When dealing with small arrays and matrices, one method of exposing parallelism on the GPU is to execute the same cuBLAS call on multiple independent systems simultaneously. While you can do this manually by calling multiple cuBLAS kernels across multiple CUDA streams, batched cuBLAS routines enable such parallelism automatically for certain operations (GEMM, GETRF, GETRI, and TRSM). In this post I’ll show you how to leverage these batched routines from CUDA Fortran.
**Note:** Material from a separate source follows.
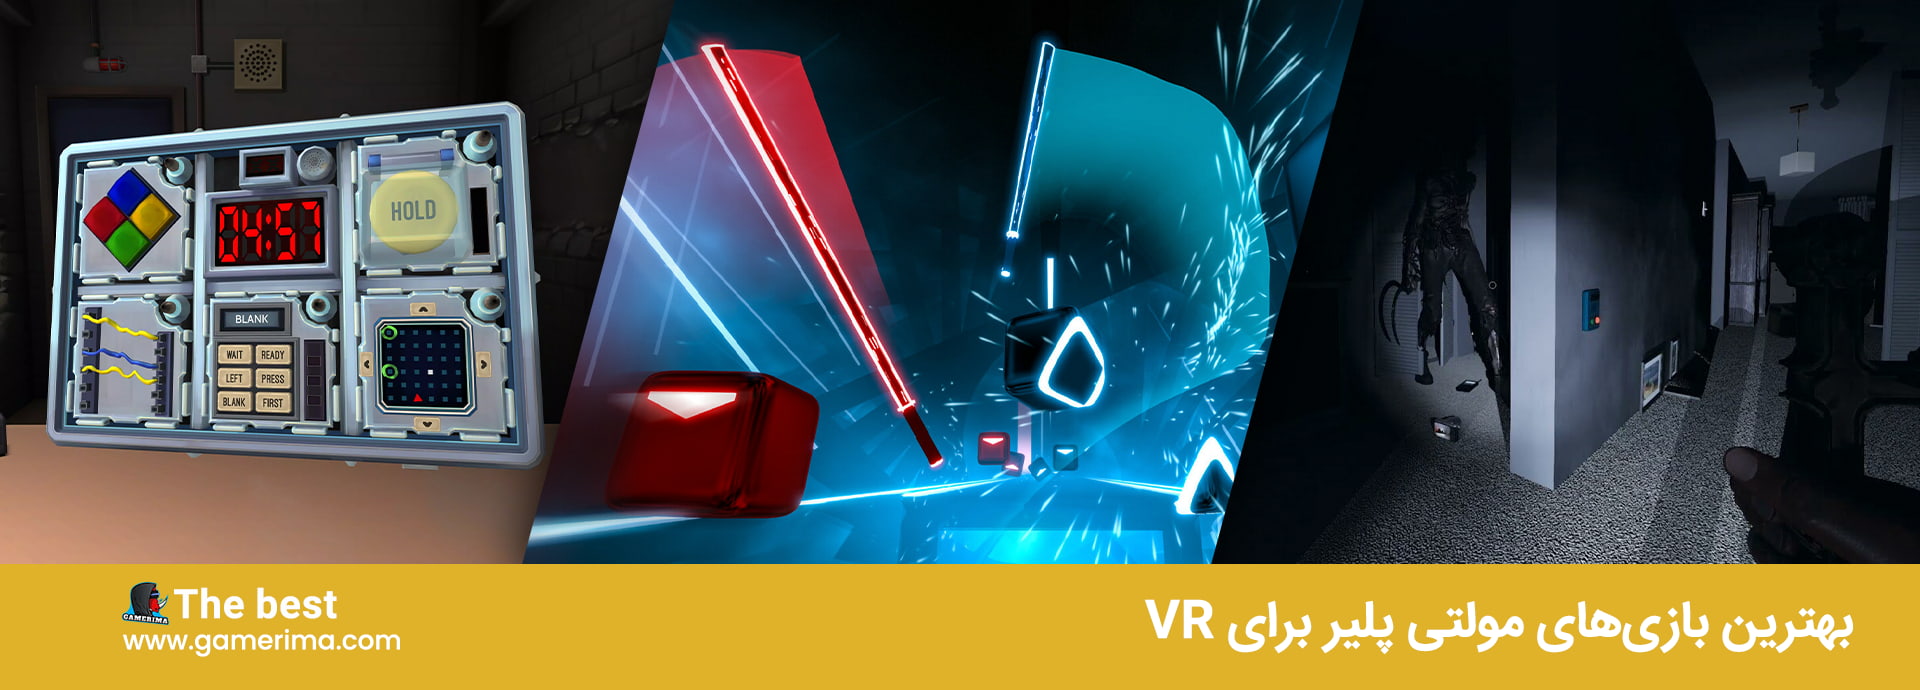 بهترین بازی های مولتی پلیر برای VR

The C interface batched cuBLAS functions use an array of pointers as one of their arguments, where each pointer in the array points to an independent matrix. This poses a problem for Fortran, which does not allow arrays of pointers. To accommodate this argument, we can make use of the data types declared in the ISO_C_BINDING module, in particular the c_devptr
type. Let’s illustrate this with a code that calls the batched SGETRF cuBLAS routine.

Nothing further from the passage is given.